Like most things, once you know how, they’re easy – here are some excellent cultivation tips from Swiss fruit experts Lubera.

The citrus harvest focuses on the winter months – mandarins, clementines as well as fresh oranges but the main varieties of oranges and lemons are available throughout the year.

The more “exotic” fruits – kumquats, sour oranges or bitter oranges are hard to get hold of but not if you grow your own.

Start with the right plants

Lime
Red Rangpur lime. Picture; Lubera

Start off with the main varieties of lemons and oranges, which are easy to maintain and fruit reliably. Once used to growing them, expand your orangery a little at a time.

The most important thing is buying grafted, quality plants. You can grow plants from pips but they rarely flower, as supermarket fruit come from plantation trees, which are mostly hybrids with limited fertility.

Lubera’s plants consist of a scion from a fruit-bearing mother tree, which is grafted onto a robust rootstock, usually either a trifoliate orange (Poncirus trifoliata) or a bitter orange (Citrus aurantium).

Overwintering

Variegated Orange
Variegated orange. Picture; Lubera

Citrus plants are not hardy and must be protected in winter. An unsuccessful overwintering regularly affects the growth in spring and summer, leading to a poor or failed harvest.

In the colder months, place the plant in a cool and bright location, between 5-10°C.

The overwintering area needs windows or plant lighting. The overwintering should be as short as possible, as a rule, from mid-October to mid-April, shorter in mild regions.

Avoid living rooms, where there will be too little light, too much warmth, and dry air.

Growing season and caring for crops

Instant Citrus Feed
Instant Citrus Feed. Picture; Lubera

After mid-April, the plant needs to be outside in direct sunlight so it can develop flowers and new shoots.

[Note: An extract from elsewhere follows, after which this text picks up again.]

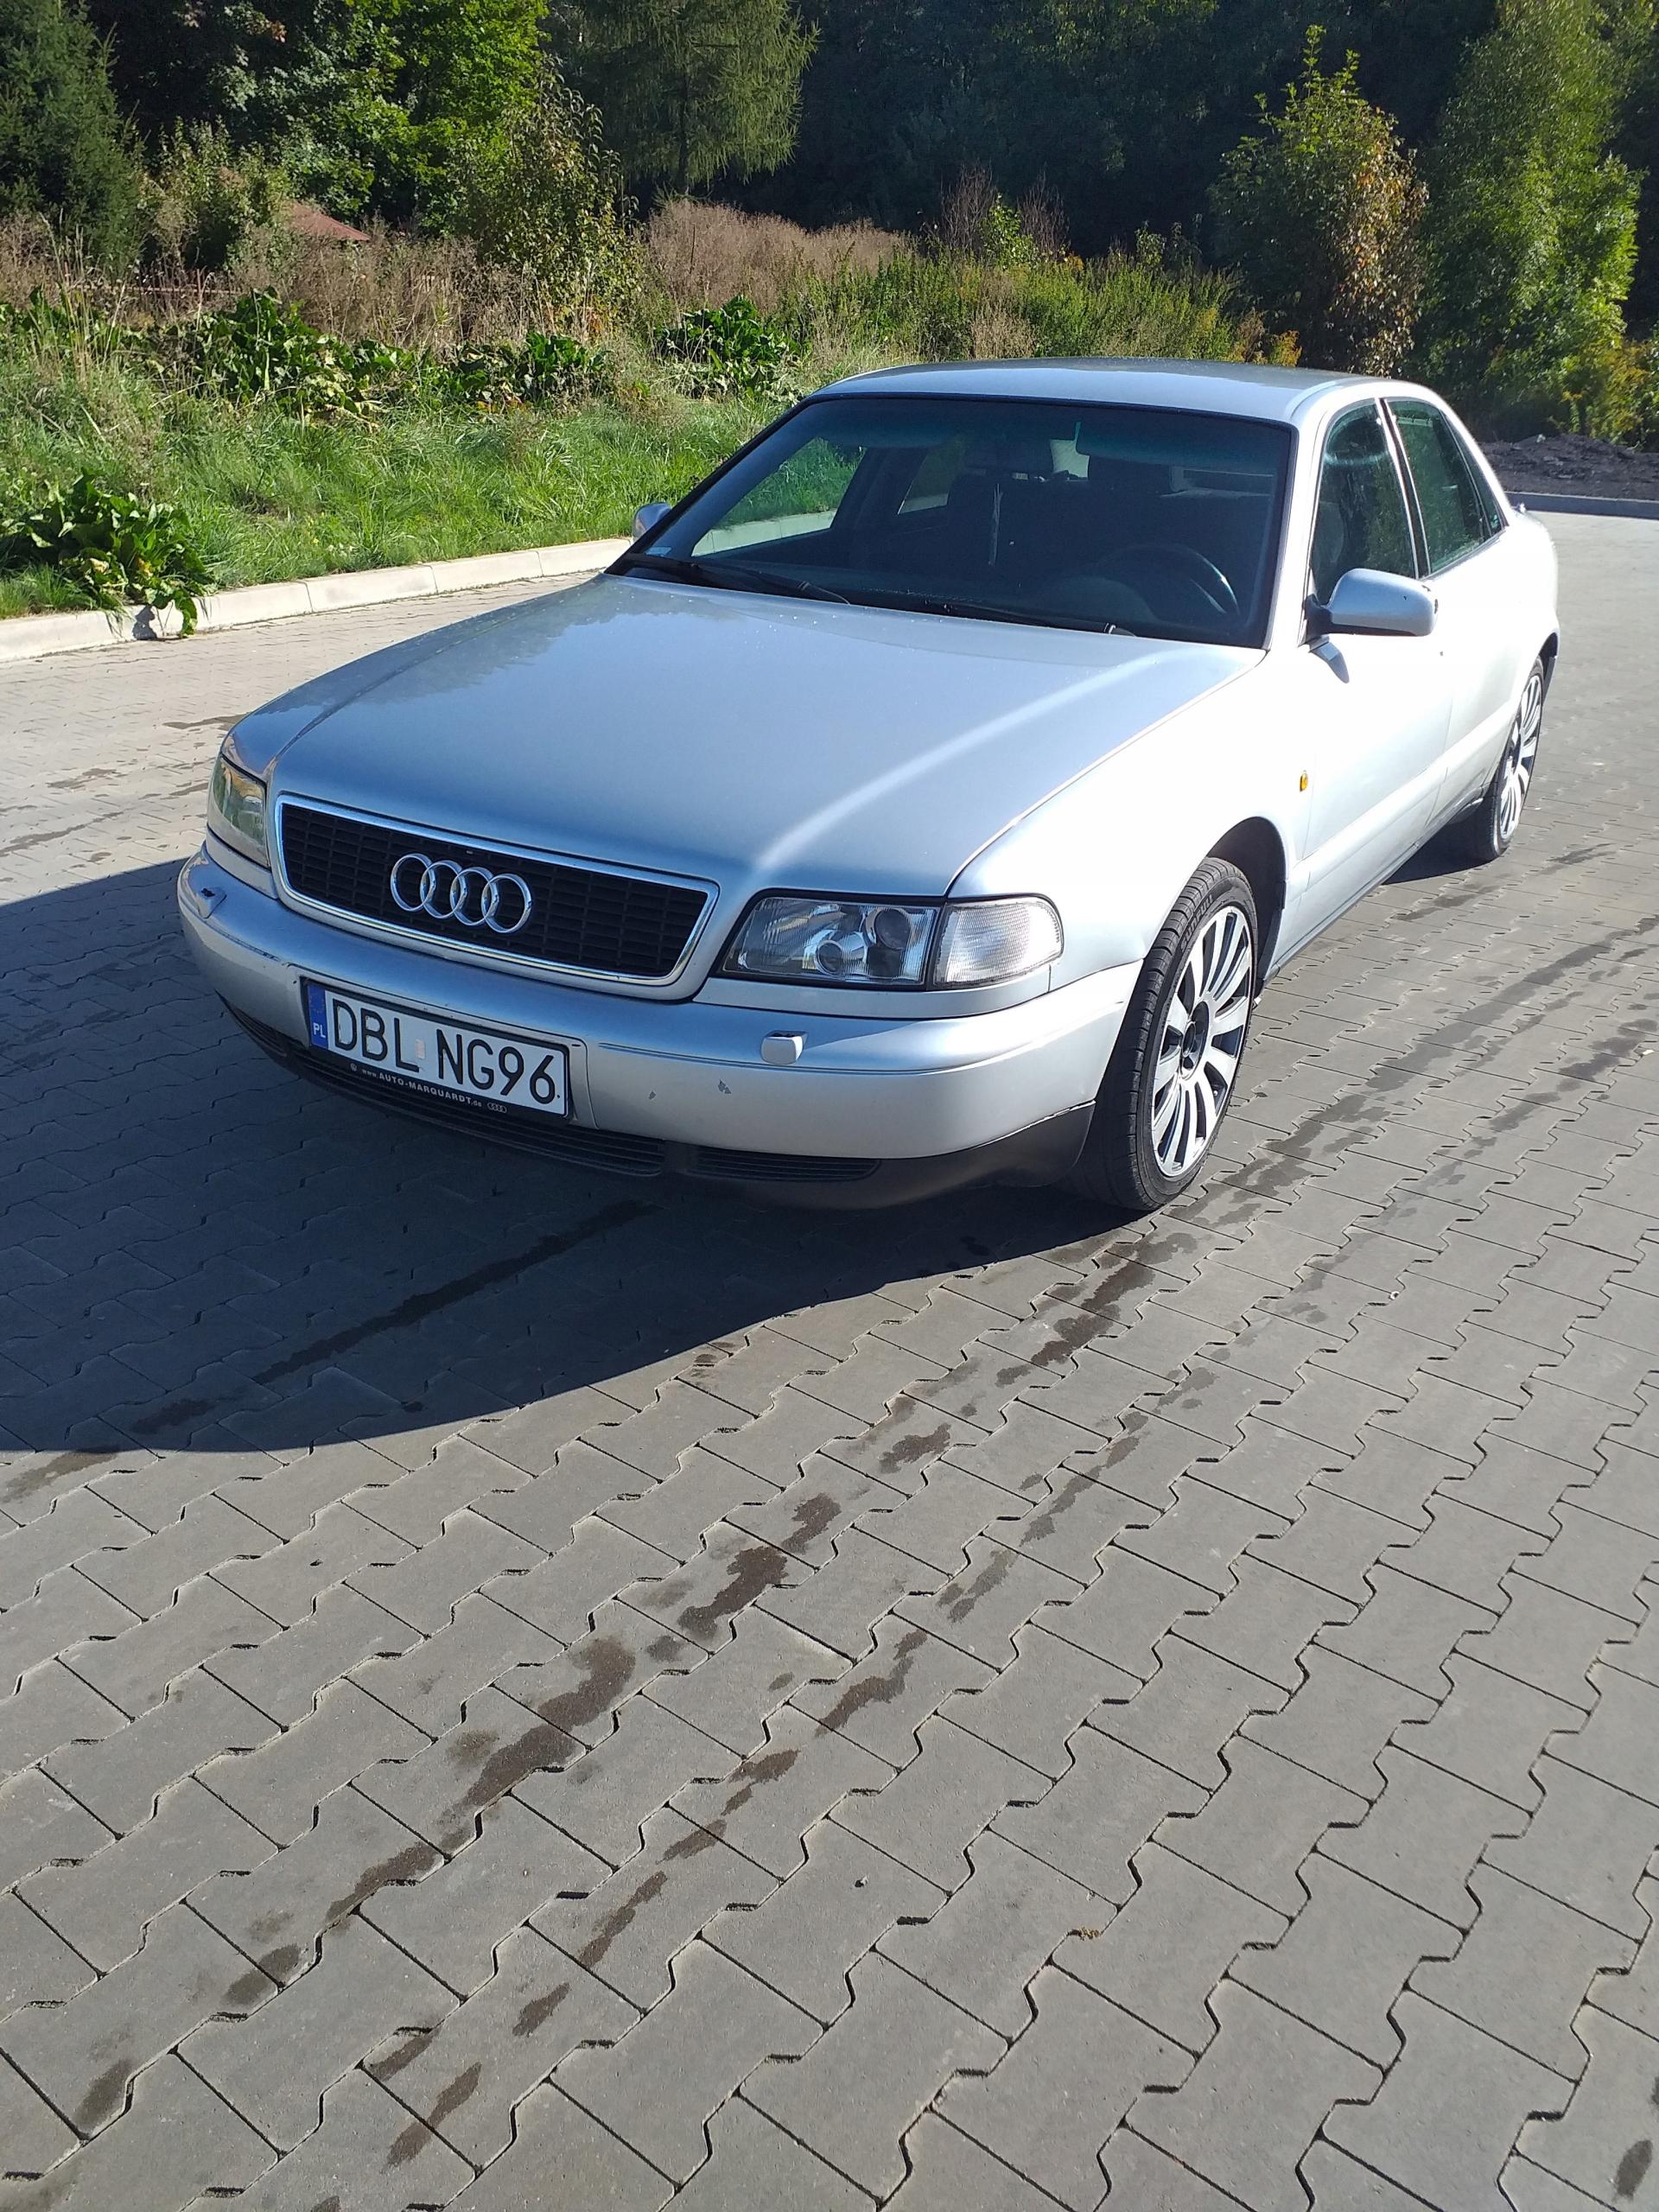 AUDI A8 2 5 Tdi V6 98r Zl...

Partial shade is not an option. Make sure small plants are not shaded by larger plants.

If you have a choice between morning and evening sun, the morning sun is preferable, as it has less time in cool shade.

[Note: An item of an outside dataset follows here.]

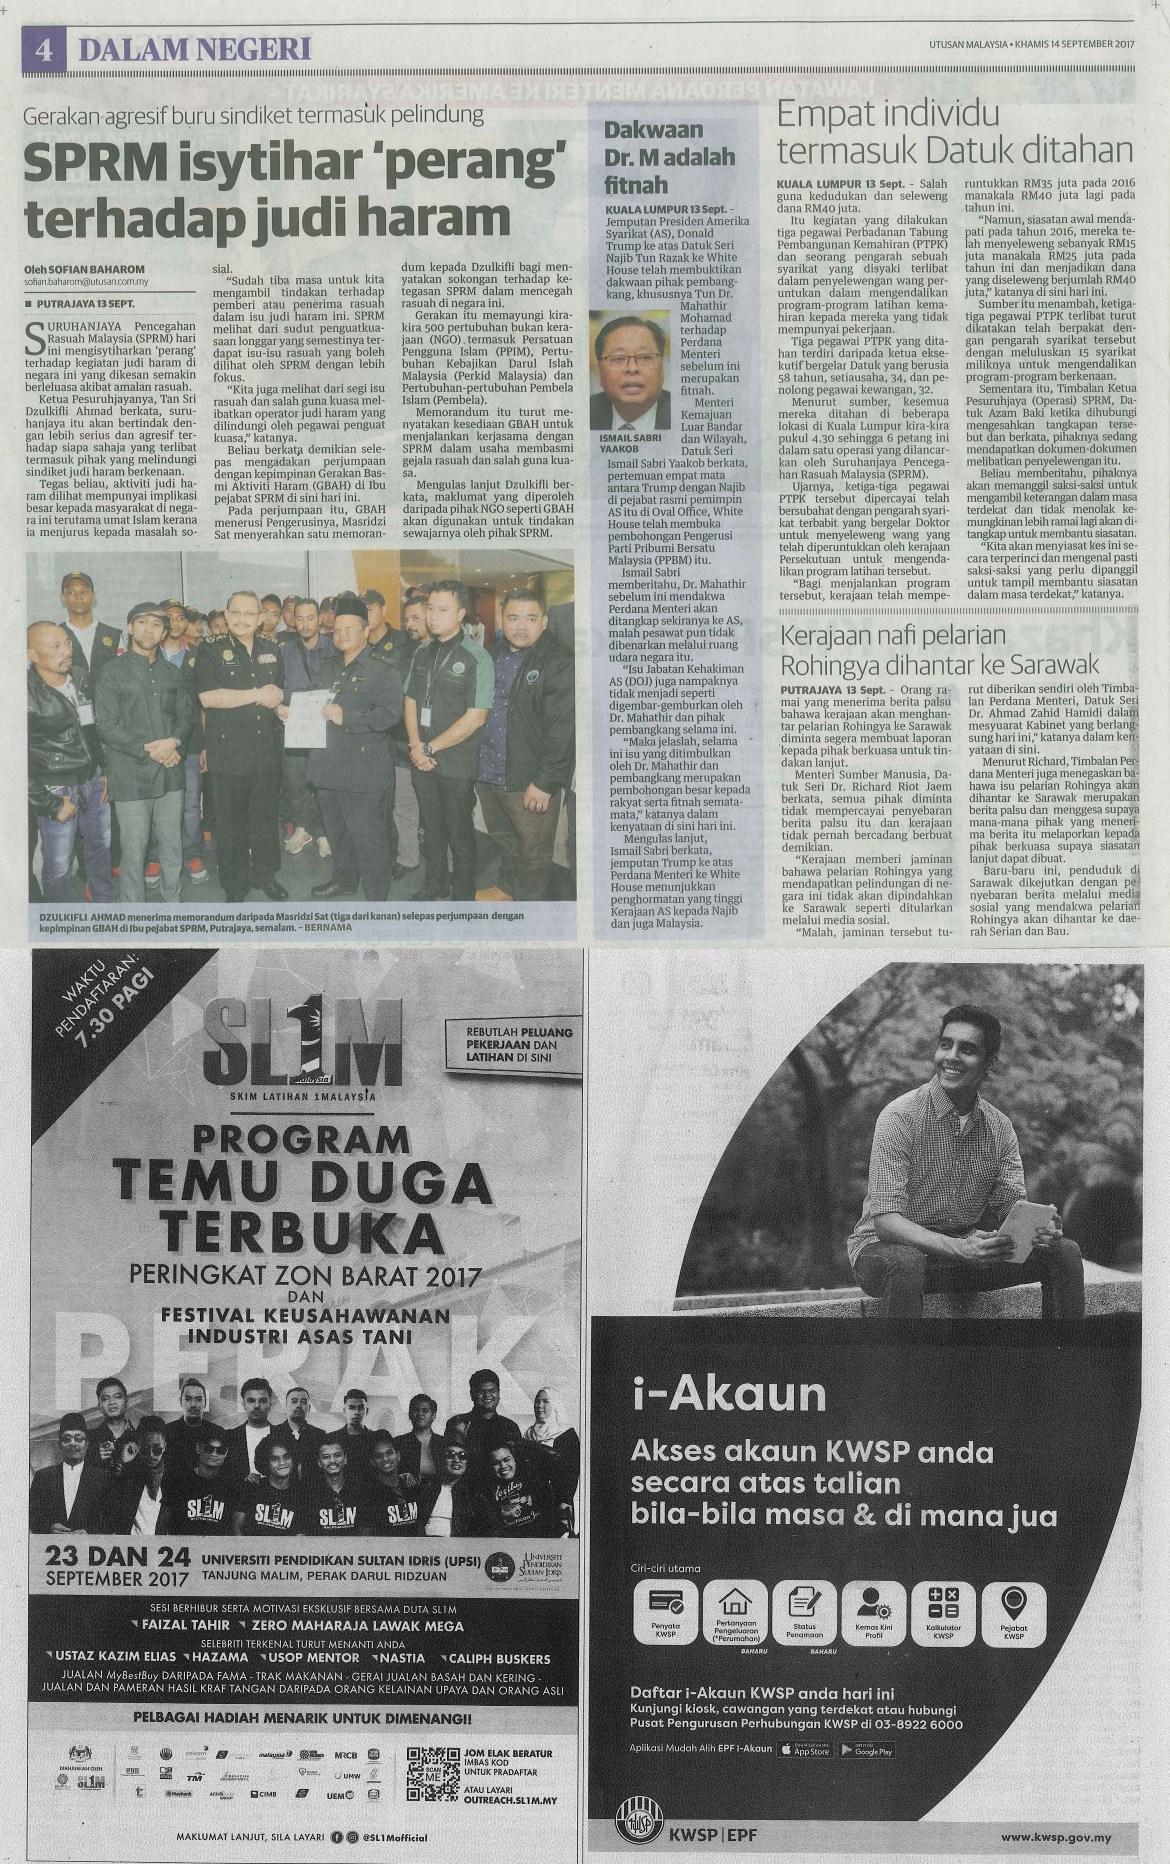 utusan malaysia 14.9.2017

Water only when the soil has dried out in the deeper layers, using a hygrometer or your finger.

A container-grown plant must be regularly fertilized during the growing season. Lubera’s Instant Citrus Frutilizer contains the ideal nutrient combination and an exact composition of trace elements.

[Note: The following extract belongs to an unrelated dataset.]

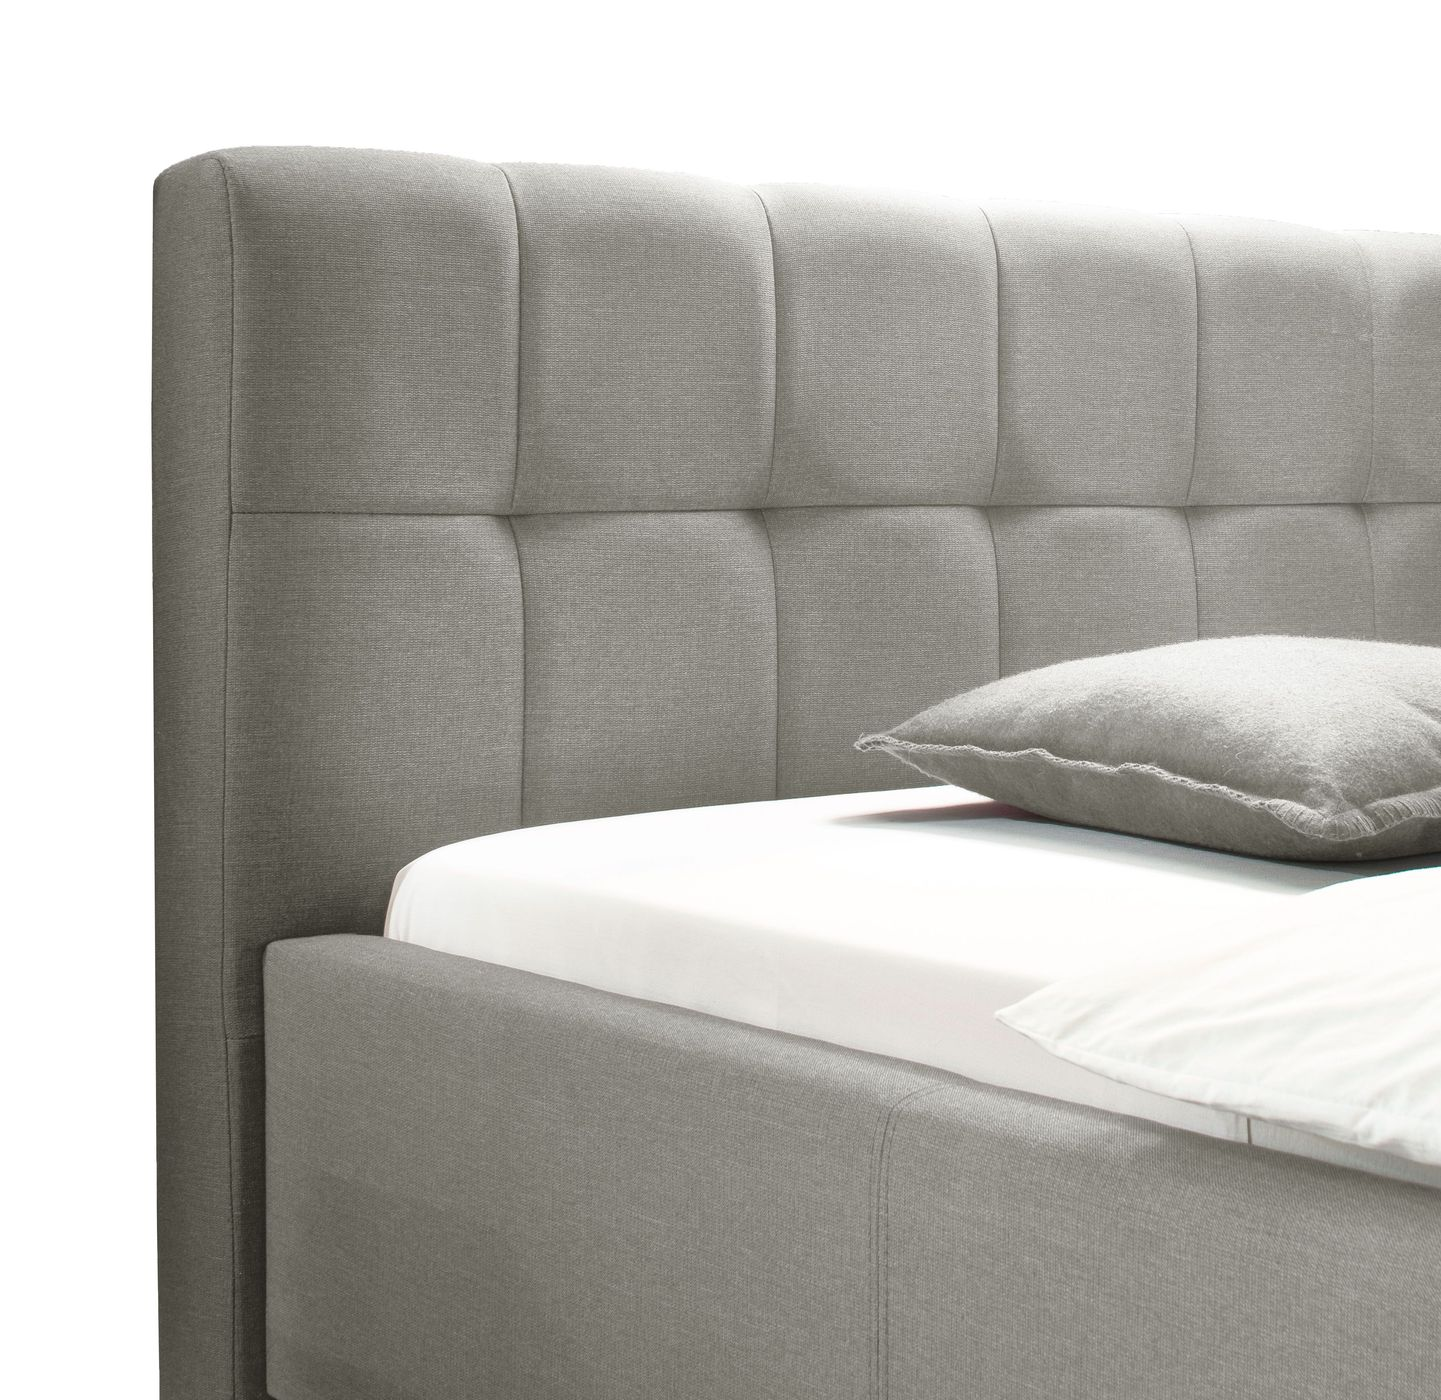 polsterbett in grau f r extra hohe boxspringmatratzen niebla. Black Bedroom Furniture Sets. Home Design Ideas

Fertilise weekly from May to August, but only if the plant also needs to be watered. Every two to three years, repot the plant in free-draining specialist soil, which can also be bought at Lubera.

Flowers and pollination

American Miracle Lemon.
American Miracle Lemon. Picture; Lubera

At the latest in April or May, the first buds appear in the leaf axils, with flowers in May/June.

While the Four Seasons Lemon has year-round flowering, the oranges only have two flowering phases per year, one in the spring and one in late summer. Kumquats or limes only flower once.

Citrus plants are self-pollinating – from every flower, there is a fruit set.

During the summer, they become significant, young fruits. The plant will probably drop some fruit buds, as younger, grafted plants develop more fruit buds than they can feed.

citrus ripening and harvesting

Citron
Huge Citron. Picture; Lubera

In autumn, the growth of the small-medium citrus fruits is completed. Larger varieties, such as grapefruit, pomelo, and citron need longer and grow until next spring.

The typical yellow or orange colour appears when the nights become cooler – the pigment is an “antifreeze” that protects fruits from frost damage. However, the colouration does not need frost; it is sufficient if the temperatures are about 5°C.

If the fruits bear their typical colour and do not grow further, they are ripe. Most citrus fruits will stay on the tree, so to harvest, you will need a pair of scissors to cut the fruit off.

It is important not to use chemicals – don’t eat fruits that were hanging on the tree when you bought it. Your first, own, untreated harvest can be used without problems.

A lemon tree can provide you with lemons all year round. The sweetness of the oranges depends on the amount of sun they received while ripening. Mandarins and limes are less demanding, while you eat kumquats with the peel.